她人小沒人避諱,每天拿工友叔伯聊的八卦當故事聽,她知道了英俊帥氣的方老板是農村拆二代,拆一代是他媽,工廠和錢都在他媽手里,方老板的弟弟妹妹很想謀朝篡位。
方家人耳根子軟,乍富后往外借錢不帶眨眼的。
方老板很招桃花,老板娘就是個人形監控,等等。
可惜她津津有味地聽了兩三年八卦后,方老板的工廠倒閉了,方家破產,準備賣房賣廠還債。
陳兮十歲之后沒再見過方家的人,再見到是半個月前,機緣巧合下方老板得知陳媽病逝,陳爸為給陳媽治病欠人一屁股債,方家之后他們再沒找到過安穩工作,新洛鎮待不下去了,陳爸準備回老家山里種地。
可陳兮還在這里讀初三,前途雖然未知但光明可期。
方大善人看到營養不良瘦瘦巴巴的陳兮后潸然淚下,他豪情萬丈地拍著胸脯說暫時由他家來照顧陳兮,以后的事以后再說。
方大善人再次行善,事情敲定,陳爸是沒法獨自出遠門的,恰好同鄉蔣伯伯也要回老家,等不及陳兮這學期結束,幾天前陳爸就帶著陳兮五歲的弟弟返鄉了,陳兮跟方老板約好了今天來接她。
方老板早就舉家搬到了省會荷川市,荷川離新洛鎮不遠,一個半小時車程就到了。
大小兩個都很能聊,半道上方老板給陳兮打包了一份三層牛肉漢堡和橙汁,到家的時候方老板聊得意猶未盡,陳兮頂著鼓囊囊的小肚皮亦步亦趨跟在他身后。
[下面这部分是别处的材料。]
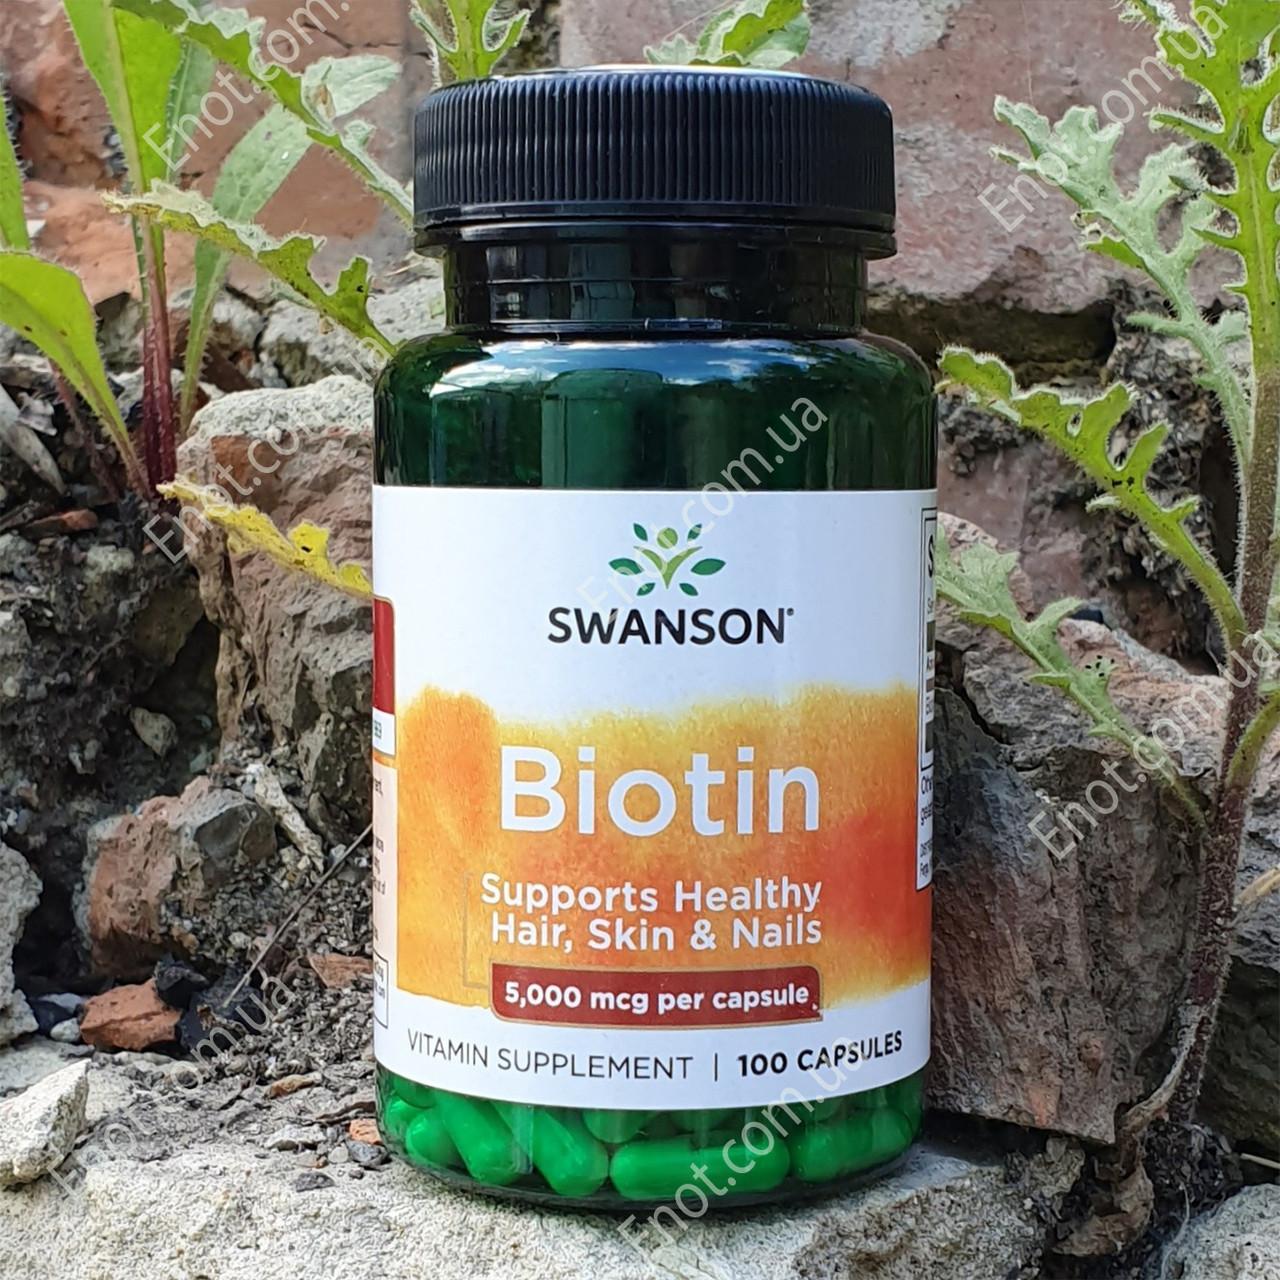 Вітамін Swanson Biotin Біотин 5000 мкг 100 капсул

“家里一個姐姐,一個哥哥,姐姐比你大一歲,念高一了,哥哥比你大幾個月,也是初三。”方老板在電梯里介紹。
他家房子是兩梯四戶復式結構,當初來荷川買房時,他們考慮過買別墅。
但方老板兄妹三人,明目張膽的厚此薄彼最為致命。當家人方奶奶深思熟慮,她的拆遷款雖然是大風刮來的,但也怕被大風再刮走,老農民艱苦樸素才是正道,于是她大手一揮,還是一人一套樓房省事。
電梯門剛打開,就聽“砰”一聲巨響,陳兮本來就很少坐電梯,還以為電梯要墜,心臟跟著蹦了一下。
緊接著她就聽見有女孩兒怒吼“方岳,媽生條狗都比生你強,你就不是個東西,你那么想跟那賤人過你就給我滾出去”
方老板嚷嚷“怎么了怎么了”,著急忙慌奔出電梯。陳兮小短腿跟著,就見一女孩兒沖出入戶門,涕淚橫流聲嘶力竭“你們都給我滾”
吼著讓別人滾,結果她自己滾了。撥開擋道的方老板,女孩兒連電梯都不坐,奔著樓梯就沖。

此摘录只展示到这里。